Although this is an easy step to do, it's a step that is a basis for a whole bunch of my – and perhaps in the future your Azure Logic Apps.
Since I've decided to blog about some Logic Apps that I've built as helper methods throughout the years, I've figured that it makes much more sense to extract this first step into a separate blog post, and link it in all the others (instead of copy pasting the whole thing into each blog post or completely ignoring it).
Get an Azure subscription
First of all, you're going to need an Azure subscription to get started :)
You can sign up for a free trial here.
Although you'll be asked for a credit card number, the only purpose of it at this moment is to prohibit misuse of free trials – so you can get only as many free trials as you have credit cards. Azure won't charge you a dime before you explicitly remove the spending limit, and thus allow Azure to charge your credit card after you spend the $200 of free credits, or they expire after a month.
Create an Azure Logic App
To create a Logic App follow the instructions here.
Stop following the instructions once you create a Blank Logic App and then return to this post.
Add the trigger
The first and only step that we're going to add in this specific blog post is a trigger, and it's called "When a HTTP request is received". So start typing "http" into the search bar at the top of the Logic Apps Designer gray canvas, and select the trigger which you want to use.
Define the JSON Schema
Once you add the trigger you'll be able to receive HTTP(S) POST requests, and since we'll want to get some data to figure out what the requester wants us to do, we'll try to fetch that data from the request body, and we'd like that payload to be JSON.

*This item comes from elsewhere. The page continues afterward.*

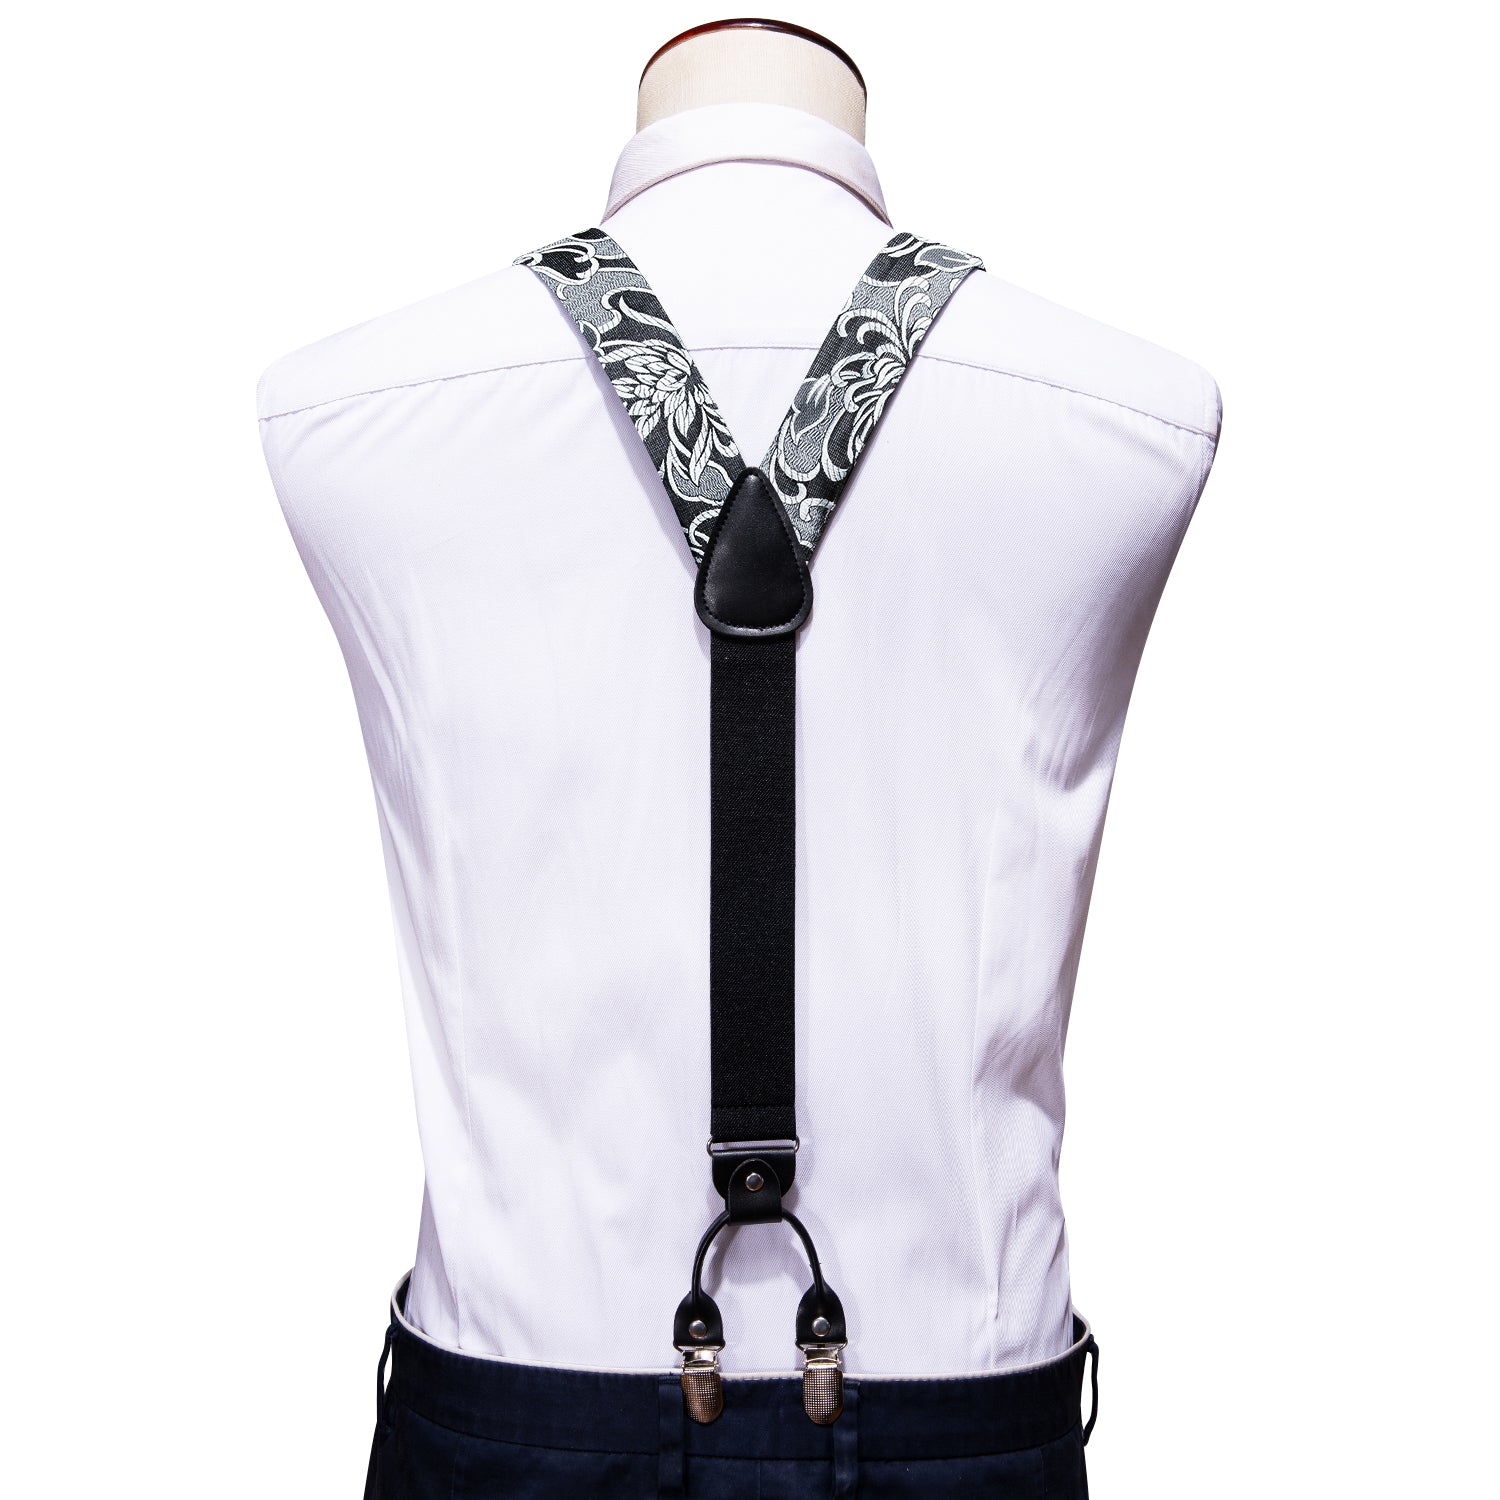 Black Silver Floral Y Back Adjustable Bow Tie Suspenders Set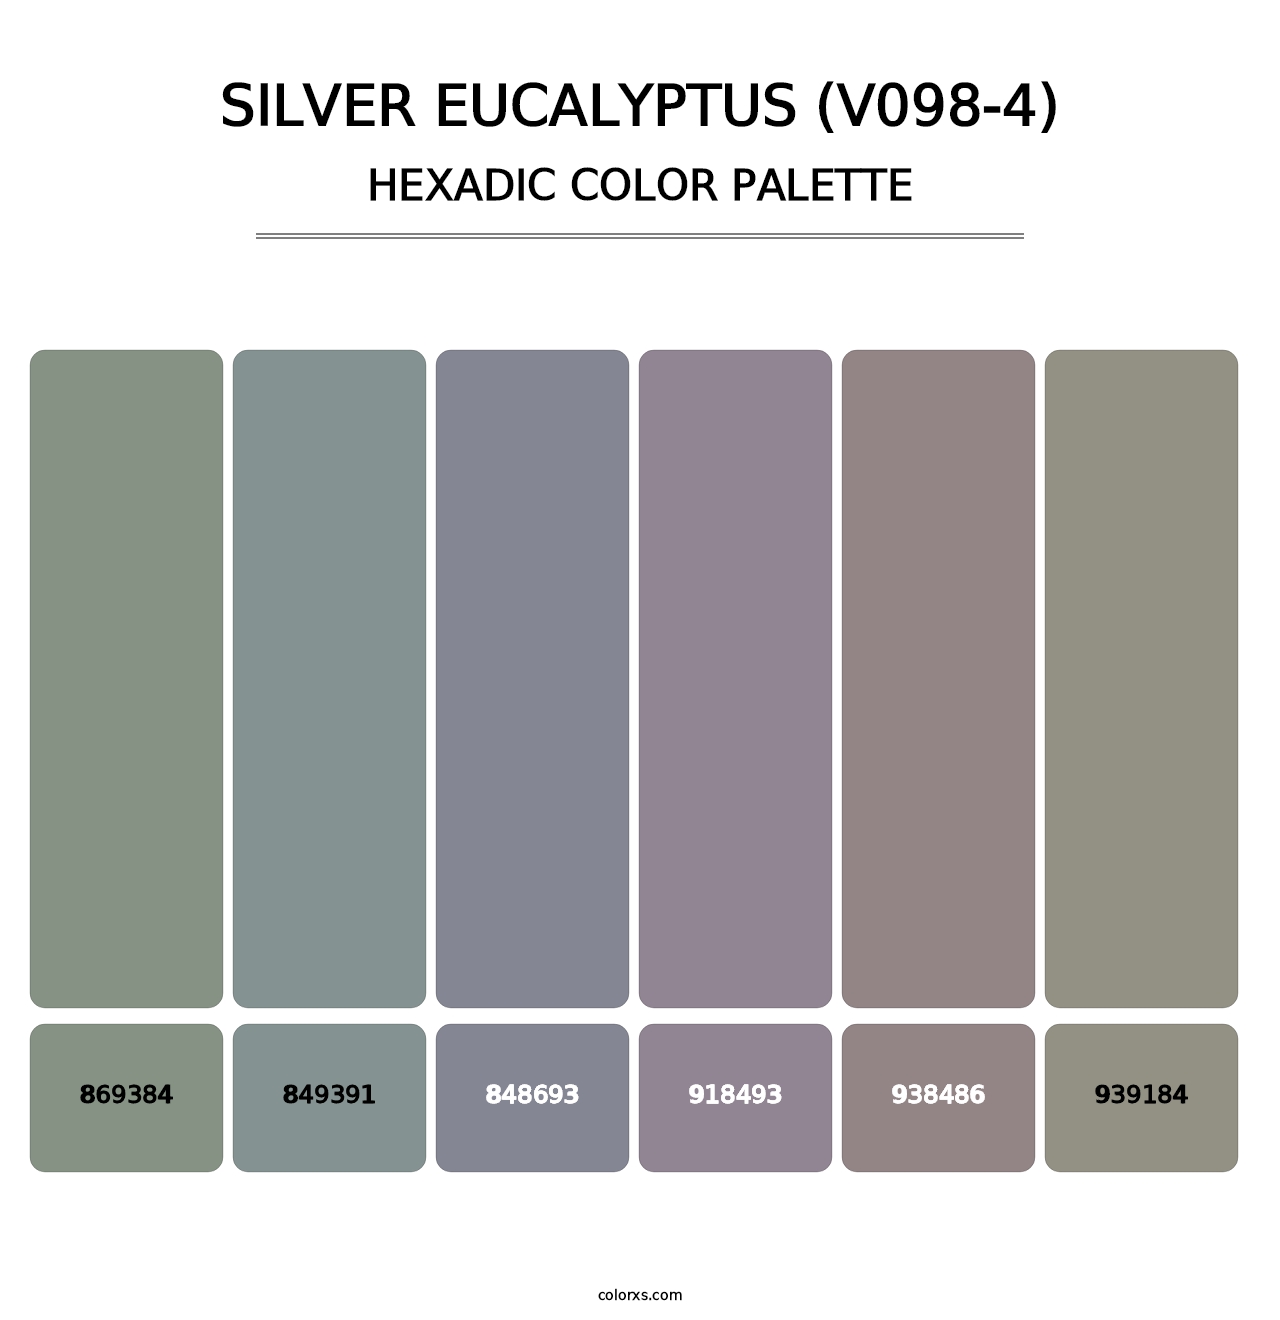 Silver Eucalyptus (V098-4) - Hexadic Color Palette

You'll end up with a screen where you can enter the JSON Schema, but I'm not a fan of typing that manually. Instead, we're going to copy-paste a sample JSON payload and have Logic Apps Designer generate the schema. To do that, click on the "Use sample payload to generate schema" link.
A new "window" will appear, and the only thing you need to do is paste the JSON payload sample there, and click "Done"
Here's the JSON sample payload that I've pasted there:
{
"senderId":"CM",
"recipientPhoneNumber": "+385912345678",
"smsBody": "Hello world"
}
The JSON sample payload is the only "variable" part of this blog post - you'll need to paste a sample there that suits your case.
After you've clicked "Done", the "Request Body JSON Schema" field will be populated with everything needed to deserialize the JSON from the request body.
You'll be able to access all those deserialized properties/fields/variables (however you prefer calling them) in the steps that you'll be adding.